» Exercise requirements
Give back the whole listing exactly as written, leaving out each picture.

» Dataset excerpt

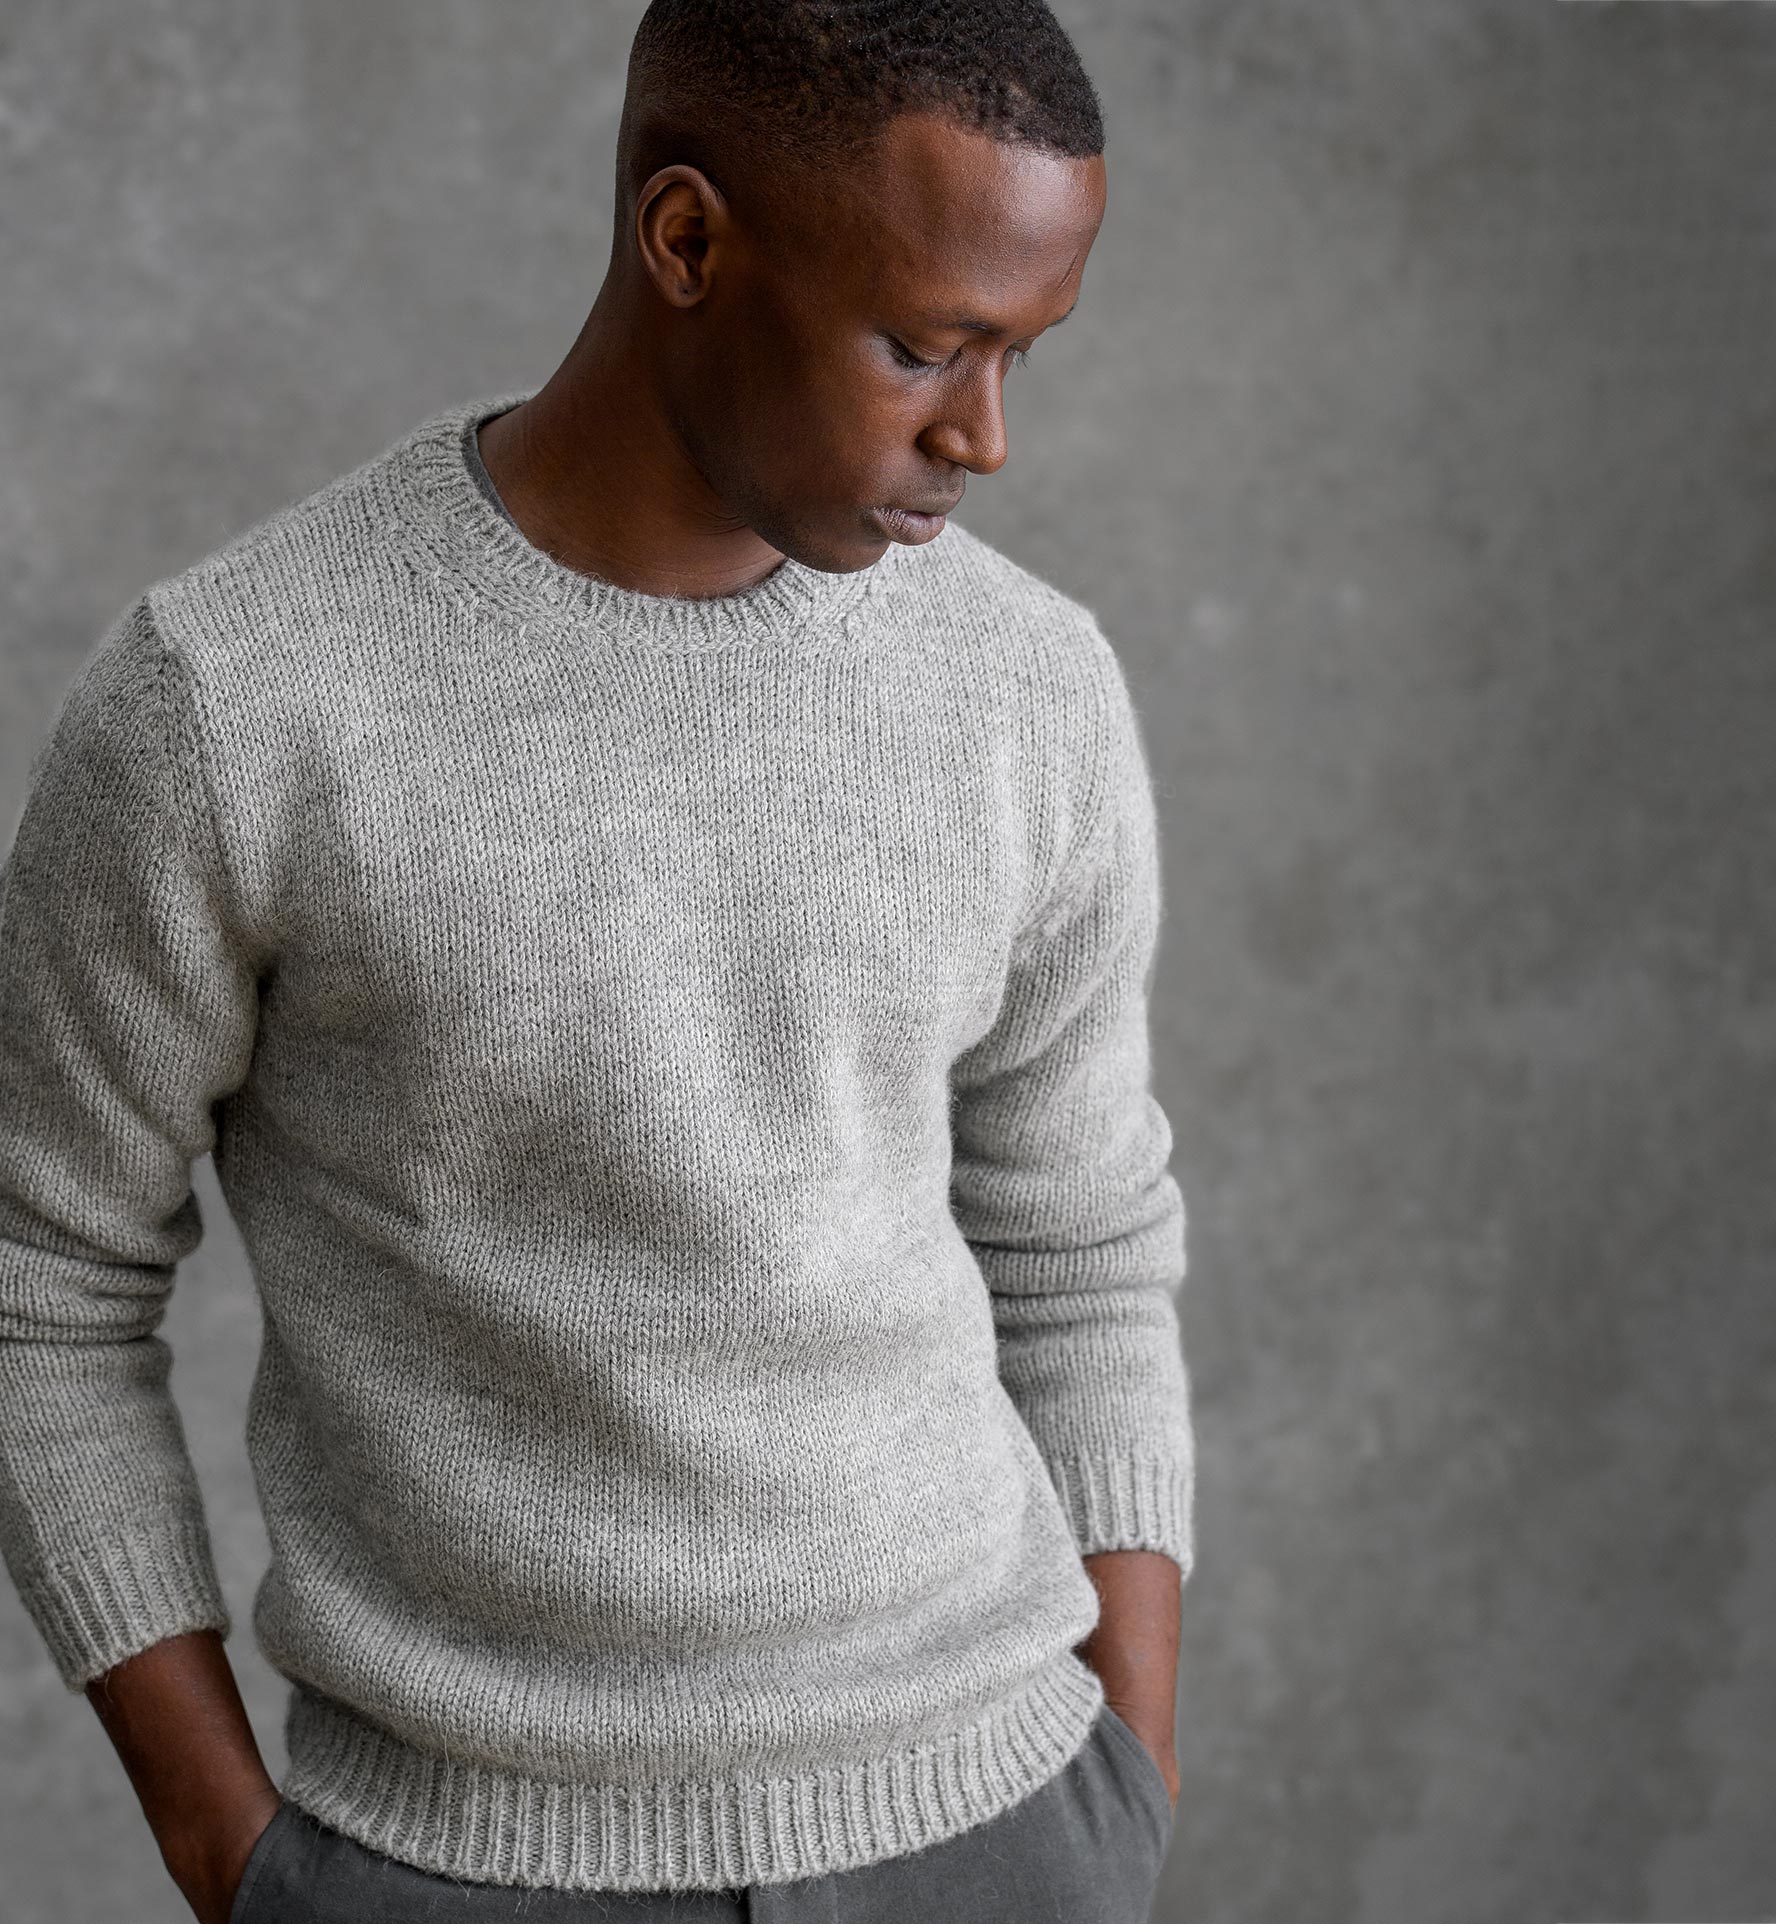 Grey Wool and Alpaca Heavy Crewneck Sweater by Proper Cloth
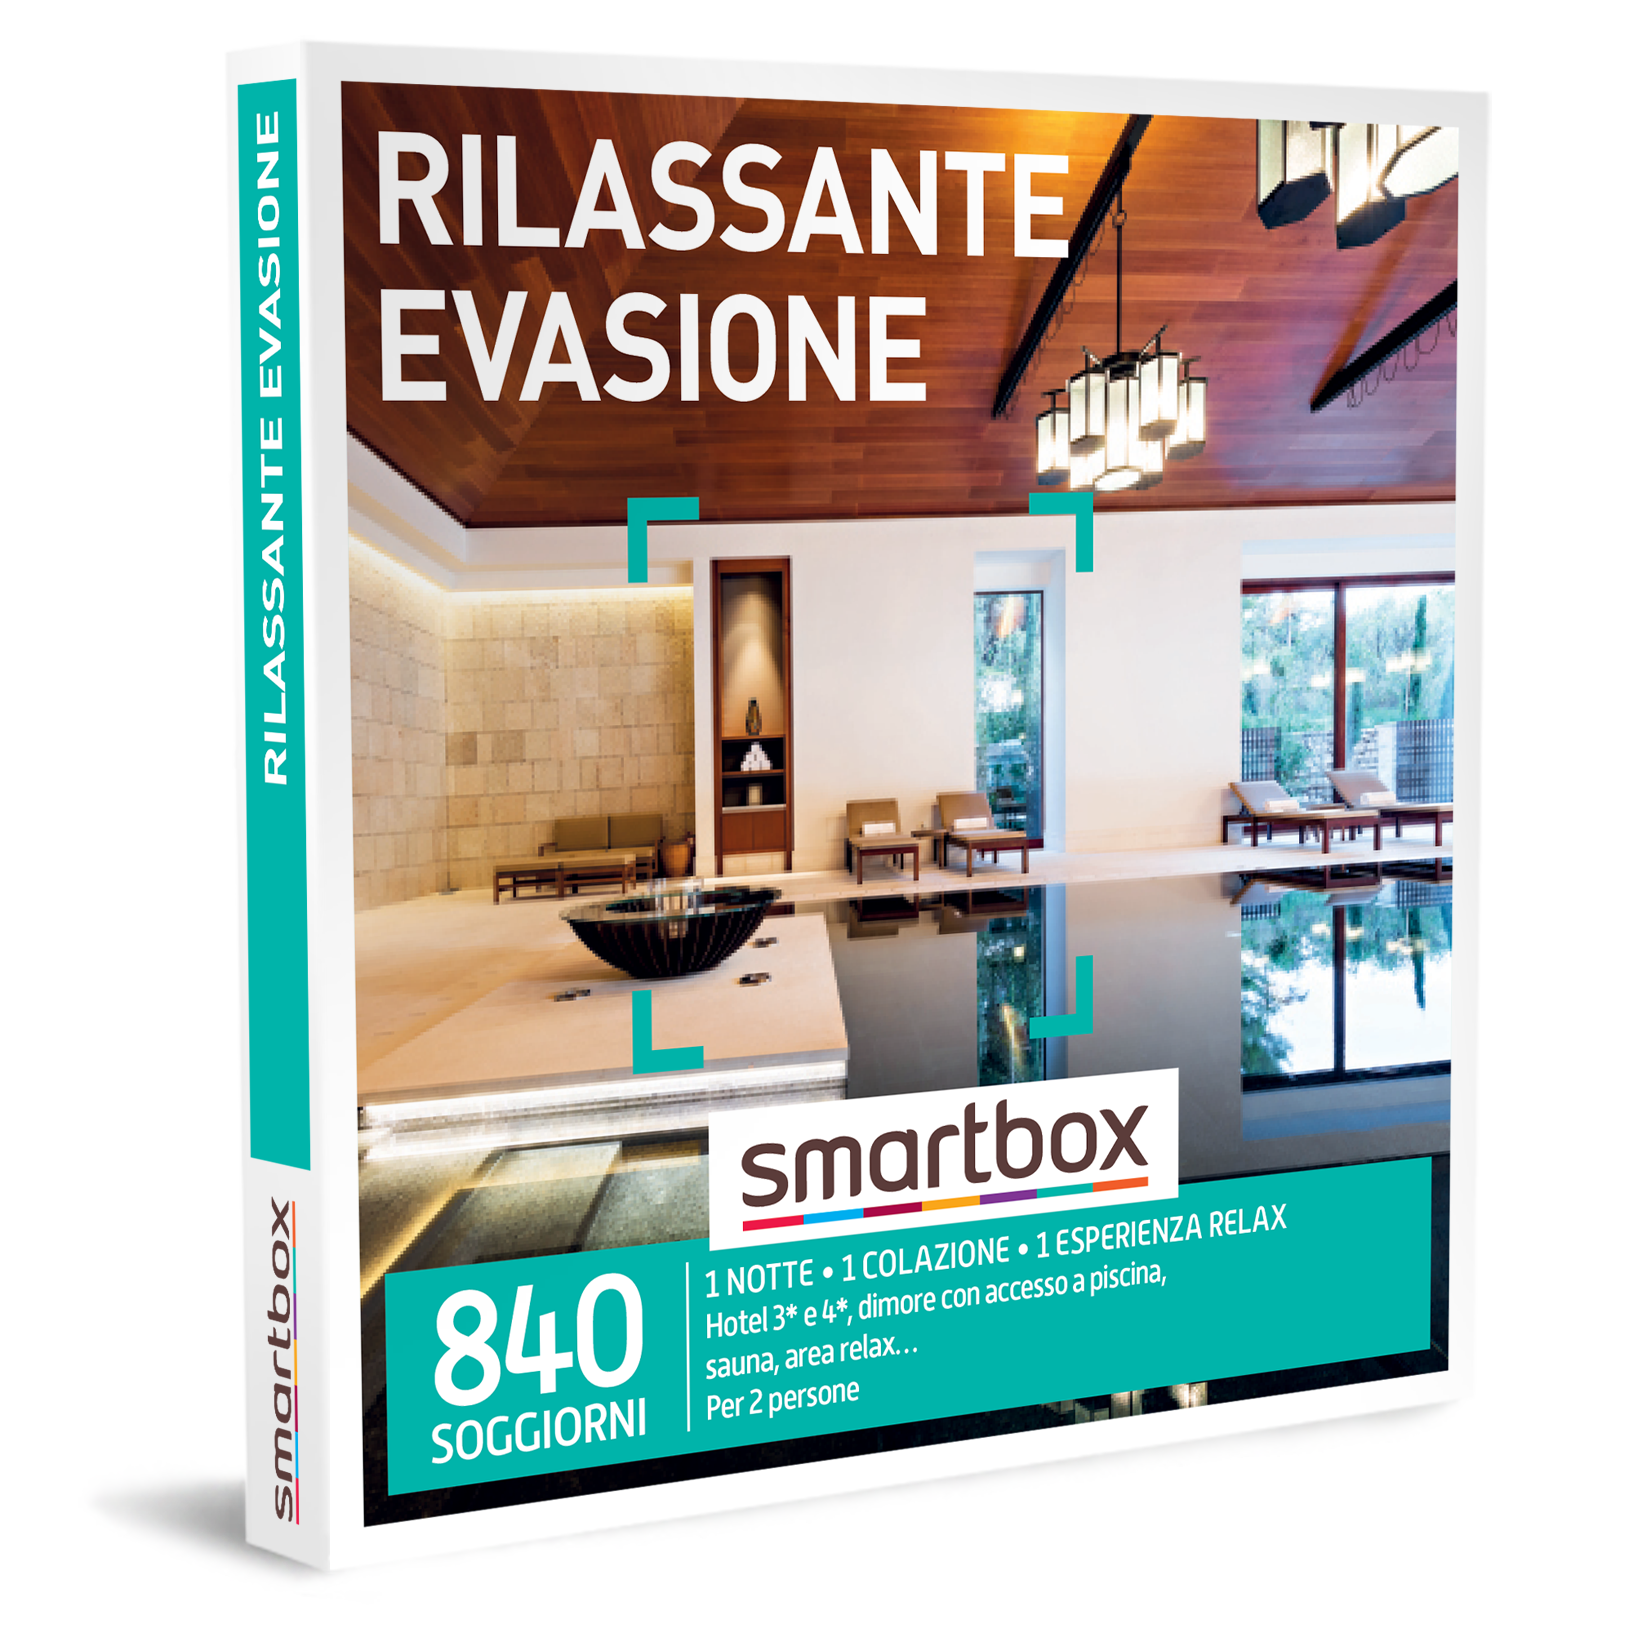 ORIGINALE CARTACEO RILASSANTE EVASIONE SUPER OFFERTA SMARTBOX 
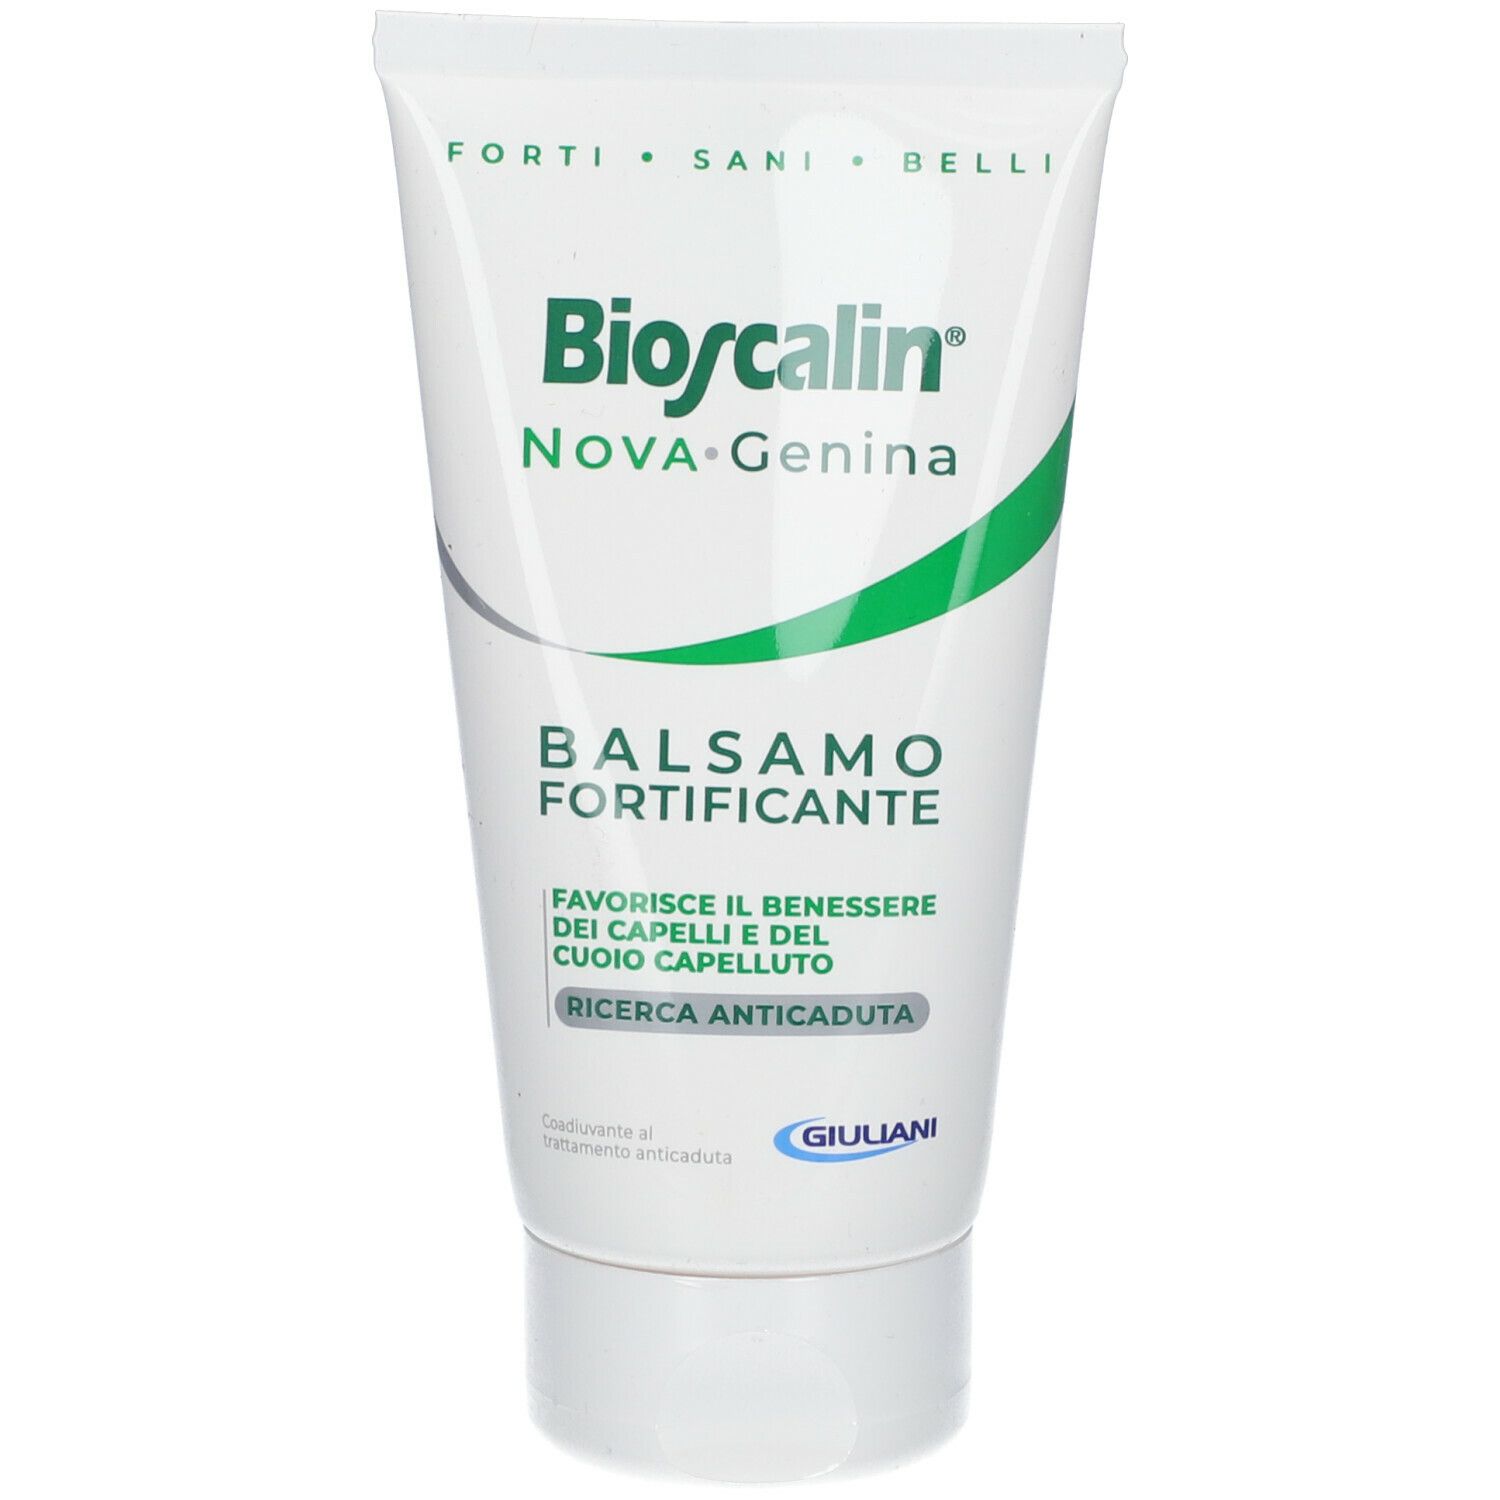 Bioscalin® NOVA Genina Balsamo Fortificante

» Reply
 Grey Wool and Alpaca Heavy Crewneck Sweater by Proper Cloth
 ORIGINALE CARTACEO RILASSANTE EVASIONE SUPER OFFERTA SMARTBOX 
 Bioscalin® NOVA Genina Balsamo Fortificante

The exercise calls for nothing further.